Becker/Posner had a post today about student loans - a special pleasure I’ll be treating myself to if my applications are successful. Their original posting is here. I added my comments to Becker’s thread but also reproduce them below.

I also saw an AP article in the Houston Chronicle today on the same topic. It touches on two different people struggling with debt from anthropology degrees and how they have not been able to find high paying jobs in their field after graduation. A recent Dilbert cartoon sums up my reaction nicely (sorry for the linkfest). Any recent/indebted graduate who claims to be shocked that high-paying anthropology jobs are in short supply should have their PhD suspended for not doing two hours of common-sense career research before they started their program. I’m all for doing what you love, but realize that a PhD in anthropology will basically leave you impoverished for life (at least by the standards of your friends who stopped going to school after a BS in engineering). Do it, love it, just don’t complain after the fact about being broke.
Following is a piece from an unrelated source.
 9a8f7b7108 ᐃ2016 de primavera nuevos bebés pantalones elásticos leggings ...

By the same logic, my friends who have taken jobs they don’t love in exchange for wealth have no ground to complain about how they don’t love their job - in this land of free career choices and cheap student loans they should be able to do anything they love as long as they do it well and are willing to accept pecuniary sacrifices.

My comments on Becker:
As DanT and Tom have already noted, privatizing student financing would likely result in lower borrowing costs for high income/technical professions. This seems like a fair application of the market’s cost of risk - loans to lower income non-professional degrees carry a higher default risk that the lender should be compensated for. If government determines that there is a non-economic benefit to having liberal arts majors the government should rebate some of these higher borrowing costs in the form of grants rather than indiscriminately subsidizing all study areas.
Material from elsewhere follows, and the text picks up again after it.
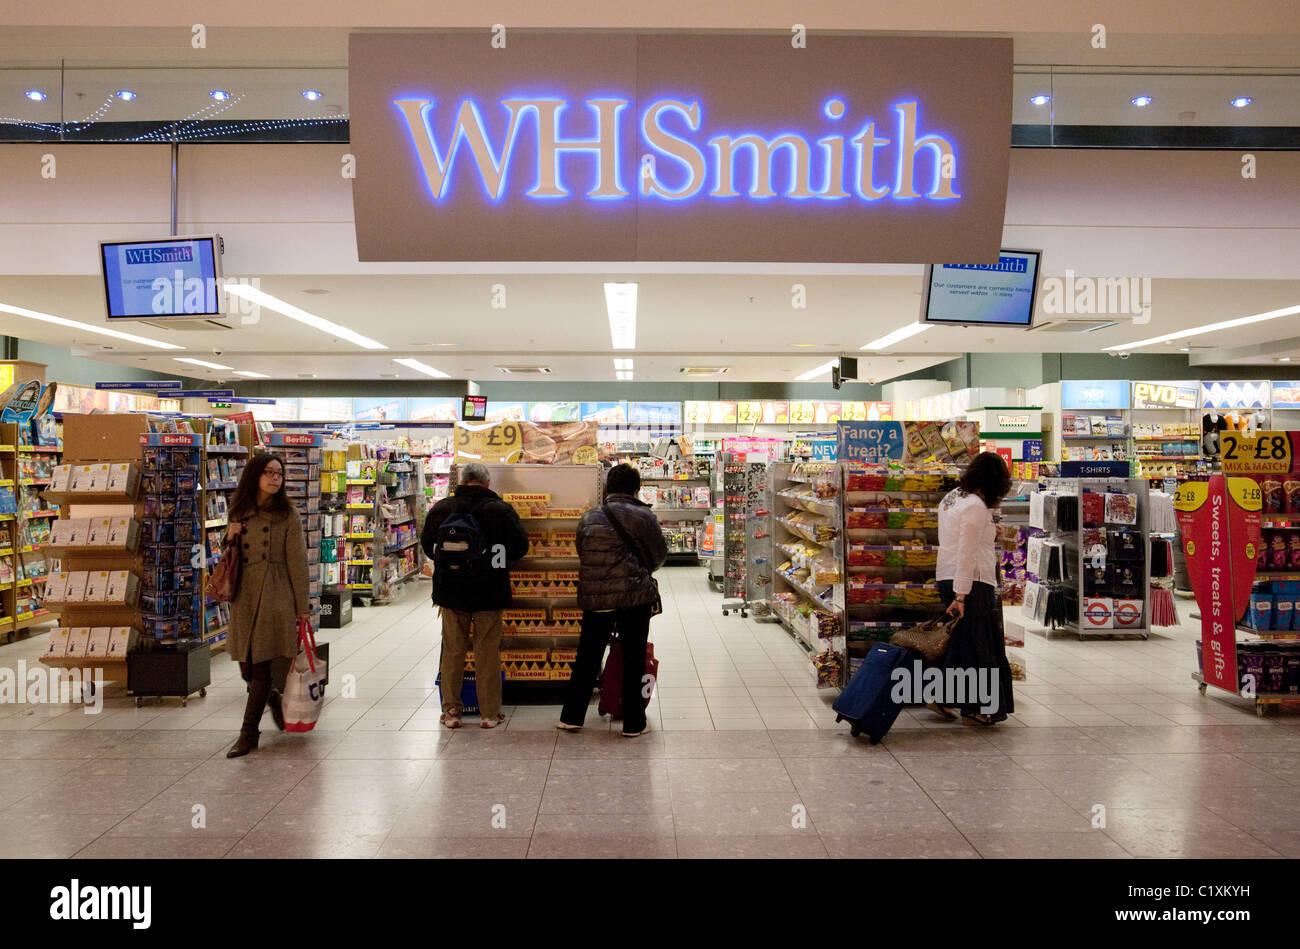 W H Smiths store, terminal 5, heathrow airport London UK - Stock Image

I also take the view that most of the additional aid that is granted to students ultimately becomes a wealth transfer to college administrations as they raise their prices to absorb most of the additional aid (given a lag of a few years). Thus the “real” or ex-aid cost of education to end users will remain roughly the same regardless of the aid level. This is the fundamental reason that colleges will oppose removing loan subsidies.

Finally, American colleges and governments have already made education cheap and accessible enough that affordability is no longer a rational excuse for the serious student. To oversimplify this, assume that census data indicates the value of a college education at $1,000,000 of incremental lifetime income and requires debt financing of $25,000. How many students would have taken this opportunity at a 3% finance cost but will turn it down at 6%? To any rational consumer it’s a slam dunk at either price.